Yup, I am firmly in the land of the 40s, and in fact, I am crossing the hill to the other side toward 50! I have long heard that sex changes when you get older and sometimes gets not as good. I have heard older women complaining about their “dry vaginas” and their “loss of libido” and their “exhausted state” that makes them not want to have sex. I have wondered for a good 10 years now if there is any truth to that at all, or, if it was all just a myth. I can finally answer some of these assertions. Is it true? Does sex get “bad” in your 40s?
I wish it were that easy, but the truth is, it isn’t. For some women (and I will only speak for women here) sex does change, but gets better (raises hand – me, me, me!) For others, it, well, “less” good or, in general, doesn’t have as much importance. I have friends who are in their mid to late 40s who have said that “sex has lost its fun.” Huh? How can anyone say that sex isn’t fun? My friend “Lily” (named changed so she doesn’t murder me) has told me that for her, sex is overrated and she only does it enough to “keep her husband from not cheating.” This seems like a defeatist attitude to me, so I asked her why she feels this way. She told me that she is plain out exhausted, the kids (she has 4) zap her energy, her husband would rather watch football than go down on her (sad) and that she just feels that she is “comfortable” in her marriage without much sex.
How can you say sex is “bad” or “not as good” when you are not having it? It seems then that for some women it is the lack of desire to have sex. Libido is an onerous mistress and when she decides to fade away some women find this something they can’t combat. The truth is, you can fight against the loss of libido. There are hormone treatments that have been very successful in booting a low libido. Also, it is true what they say – the more sex you have, the more you want. This is what I told Lily, that she should just make a point to get frisky with her hubby. She seems pretty content with their 2 times a month!See 5 Tips For Better Sex!
WHAT ABOUT A DRY VAGINA?
Did you think I was kidding about that? Nope, I wish I were. This is something I have experienced in the last few years as my estrogen has been running for the hills in this lovely period (of lack of) in my life called PERIMENOPAUSE. Ah yes, the beautiful change of life that starts to occur as early as mid-30s, usually mid-40s and signals the beginning of the end of menstruation and fertility. This change does horrible things to your body – added weight, hair where there shouldn’t be, missing or extra periods, headaches, stiff joints, and, yes, dry vagina. Not only does the weaning estrogen affect the lubricating ability of your vagina, but it also causes the tender vaginal skin to become thinner, often resulting in painful intercourse. Yay! We get to finally have no periods but sex will hurt! Doesn’t seem fair, does it?

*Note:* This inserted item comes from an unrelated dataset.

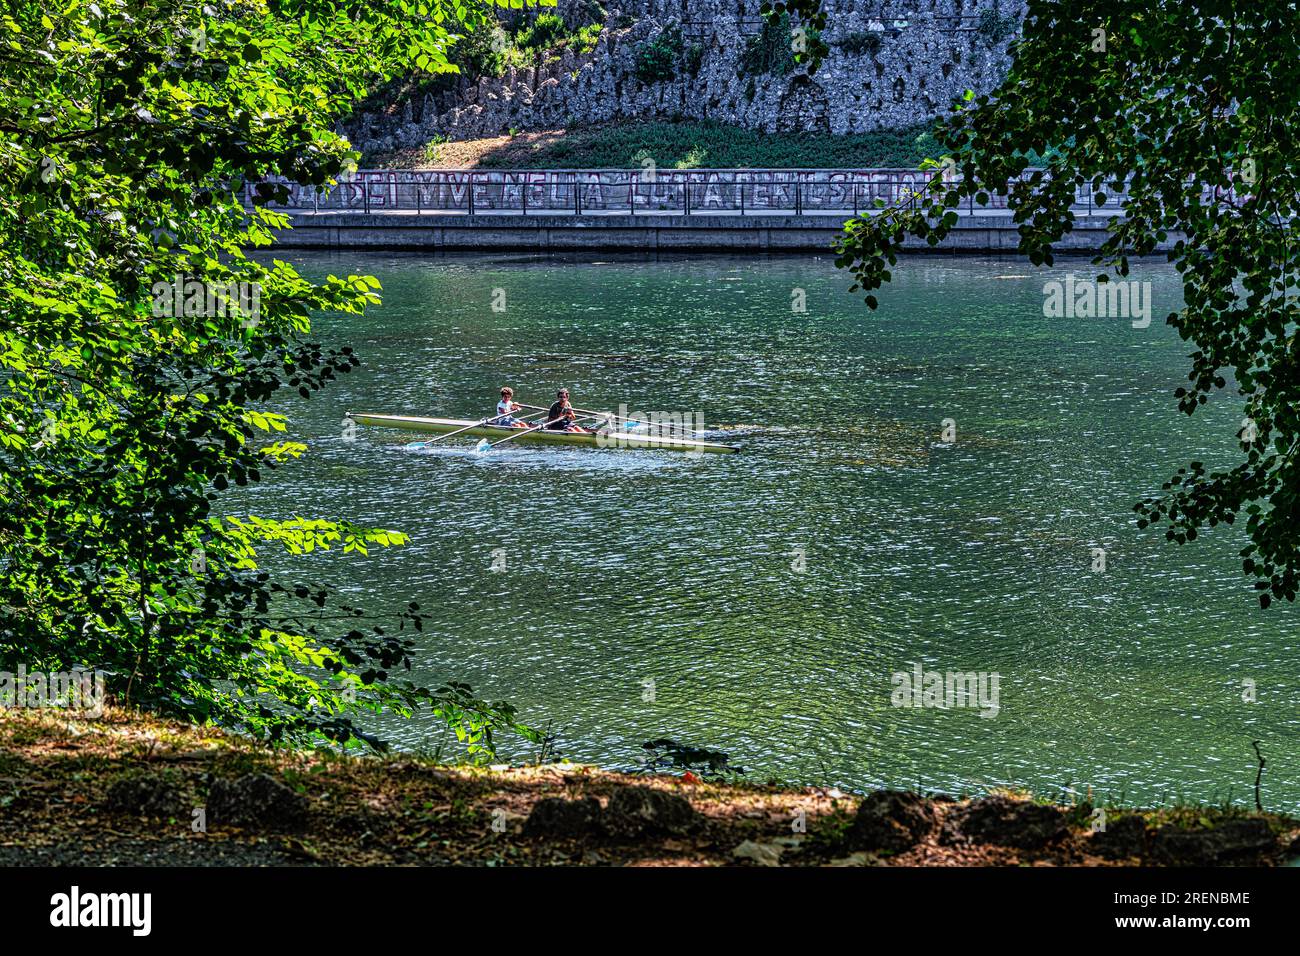 Rowing activities on the Po river in Turin, in the background the Principessa Isabella Bridge. Turin, Piedmont, Italy, Europe Stock Photo

So, how do you combat this and help make sex better? Buy some Lube
. Buy lots of lube. Also, ask your gynecologist for hormone creams that can help with natural lubrication. There is no shame in needing some lube ladies. Don’t let peri-menopause end your sex life! Lube up!
REVAMP, REVISE, RE-LIVE
Listen ladies, you are not dead nor are you even close. Yes, your body is doing things you never knew it would. I totally get that. Yes, you are tired and seemingly have no energy left for sex. I get that too. However, this is the time when you should have the most confidence! You are a beautiful, sexy, desirable 40-something woman who should be having the best sex of her life! You KNOW what you want, you KNOW your body, you are confident enough to speak up and get the pleasure you deserve, right? This is the time to revamp the sex life, revisit those sexual fantasies you had in your 20s, re-live the best times of your life in the bedroom. You are 40 and FABULOUS so go forth and enjoy sex more than you have ever enjoyed sex before! I am and you can and should too!